Copy and paste the following into a new code box by clicking on “+ code” found on the top left on the page.
link = 'https://github.com/CSSEGISandData/COVID-19/raw/master/csse_covid_19_data/csse_covid_19_daily_reports/04-22-2020.csv'
Read the data into a pandas instance with “pd.read_csv()” . This means that we name a variable that stores the data of all the functions found in the library. I called it “world” to represent the global data.
world = pd.read_csv(link)
Since we have created an instance of the pandas, we can call any function found here to manipulate the data in any way, shape or form! Take a glance at the data by observing the first 5 or “n” rows and their column labels with pandas.head().
world.head()
Up to this point, this is how the notebook should look:
Congrats! You have converted the mess of the comma-separated values into a structured form. Now, before we get into plotting these numbers, let’s introduce how we might select the columns we want to see and how to apply some basic math operations to them.
Data Wrangling
To select the first or any column of the table, we can either type:
world['Country_Region']
#or
world.Country_Region
To select certain column values, such as “US” only in that particular column, we use the comparison operator “==” to denote if two values are the same, return “True.” For rows that return “True” we will grab the row by indexing.

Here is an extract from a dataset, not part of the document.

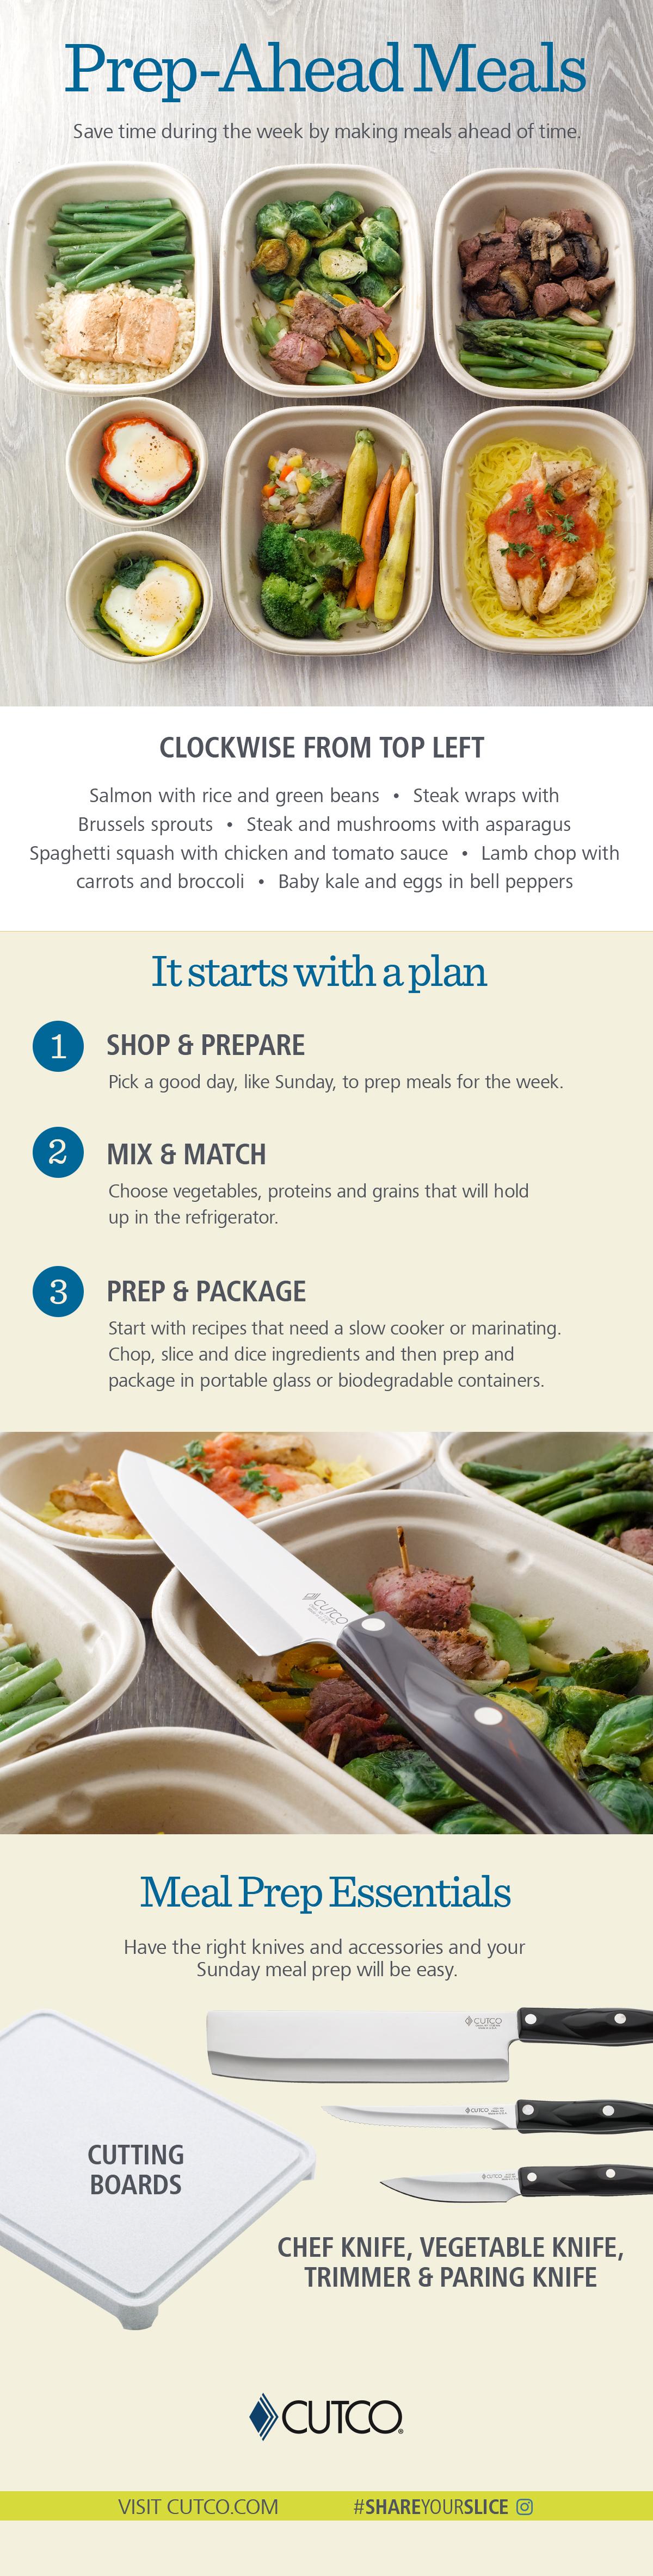 Prep Meals Ahead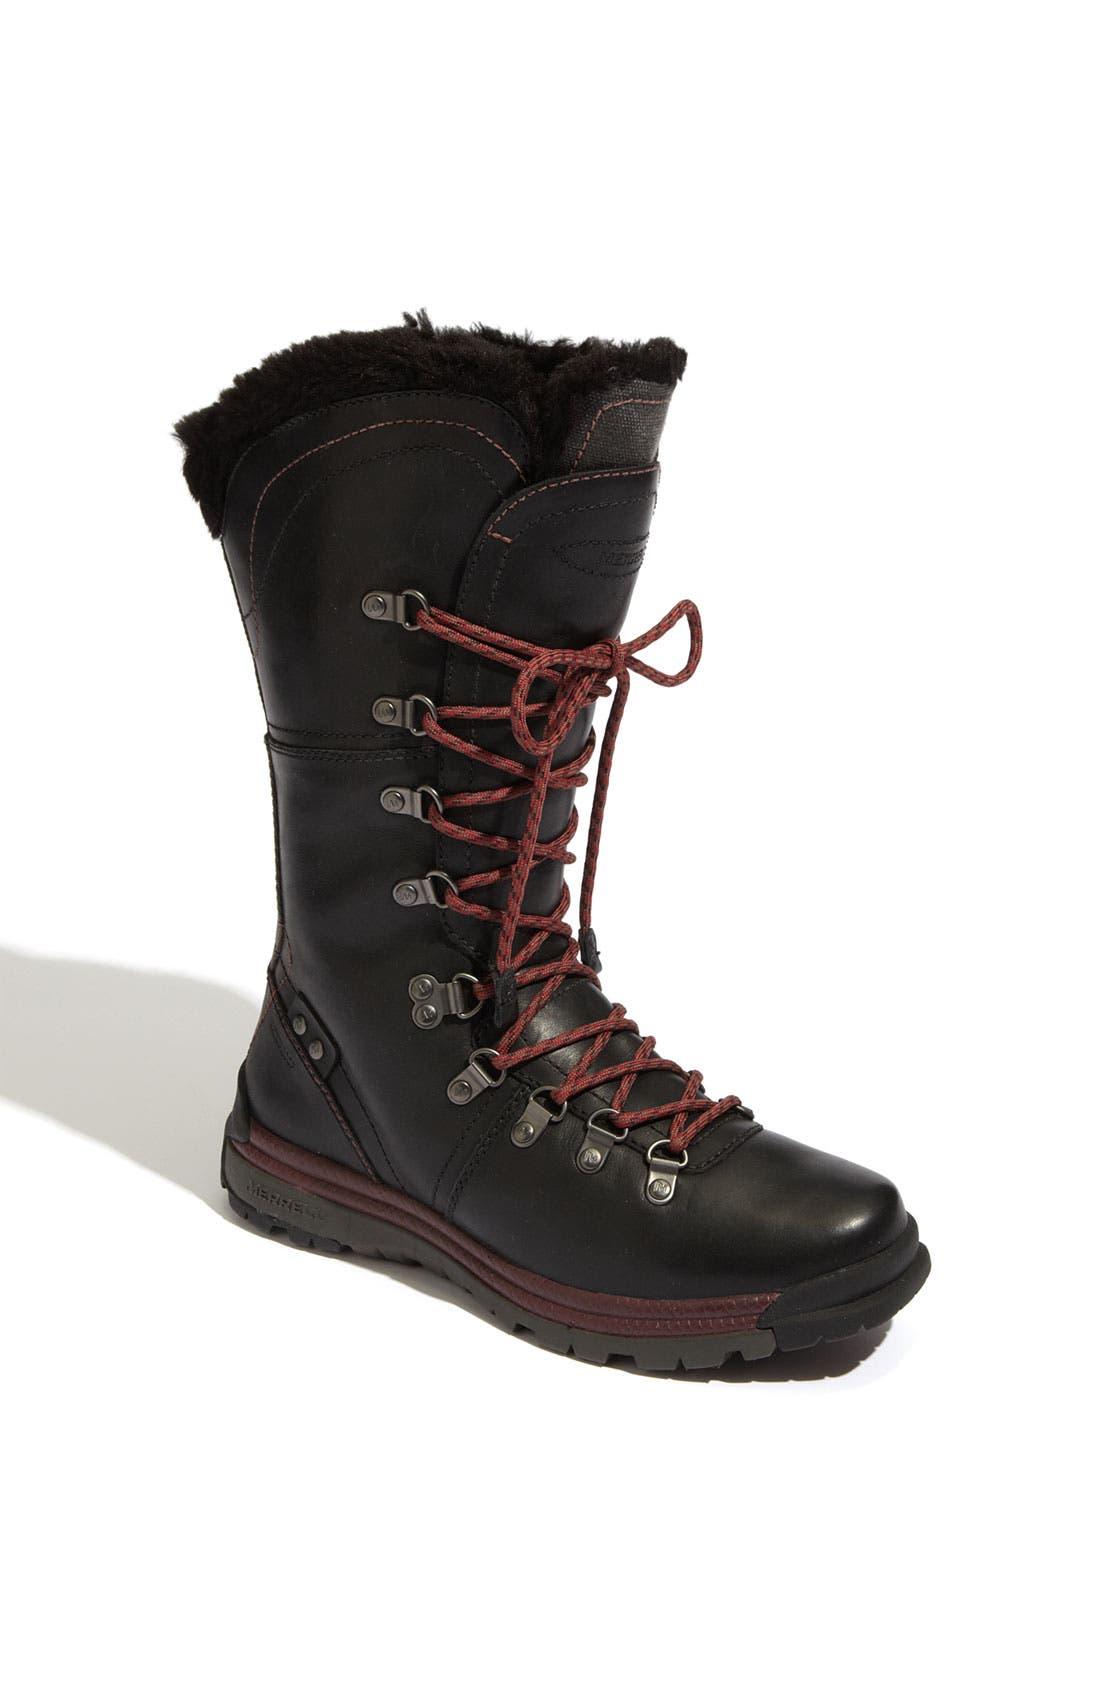 MERRELL 'Natalya' Waterproof Boot, Main, color, 001

world[world.Country_Region == "US"]
Prepping the Data for Bar Chart
Everything mentioned so far will help us create a bar chart per country and their confirmed sums. We’ll achieve this by using Pandas’ groupby() to group up particular columns and apply an aggregating operation to them.
Start by grouping all the distinct country names from the “Country_Region” with:
Code Description | Output |
---|---|
Group Country names | world.groupby(‘Country_Region’) |
Select only the “Confirmed” column | “....”.Confirmed |
Find the sum of confirmed cases | “....”.sum() |
Reset the index for readability | “...”.reset_index() |
Assign to a variable | grouped_countries = “...”.reset_index() |
Print the first 5 rows | grouped_countries.head() |
Expected code and output should be:
To reorder the rows, we can use “pd.sort_values()”
Code Description | Output |
---|---|
Sort in ascending order (default) | grouped_countries.sort_values('Confirmed') |
Sort in descending order | grouped_countries.sort_values('Confirmed',ascending=False) |
Store in variable | sorted_countries= ... |
Expected code and output:
NOW WE CAN PLOT!
Using Plotly’s “bar()” we’ll pass in the sorted dataframe we’ve just constructed. What’s a bar chart? It is one way to visualize data when you want to compare several subjects and their counts for a certain category. Different bar heights indicate a higher count for the respective subject.
fig = px.bar(sorted_countries.head(),
x='Country_Region',
y='Confirmed',
color= 'Confirmed')
fig.show()
Wrapping up...
- You were able to organize COVID-19 data based on country/county
- You were able to create graphs that describe number of incidences
- You were able to execute code to convert data into readable form
Through this activity, we were able to import data, convert it into a readable form, and modify as desired to generate a bar chart of the number of virus cases per country. We can see that such digital tools are useful to visualize the spread of the virus within a couple of steps on a computer! Data science can enable anyone, even yourself, to learn more about the spread of COVID-19 from anywhere! Data science is a key part of understanding how a disease spreads and at what rate cases occur. It is becoming increasingly important for people not only in public health, but in healthcare to use such data projections to improve patient care and ensure public safety.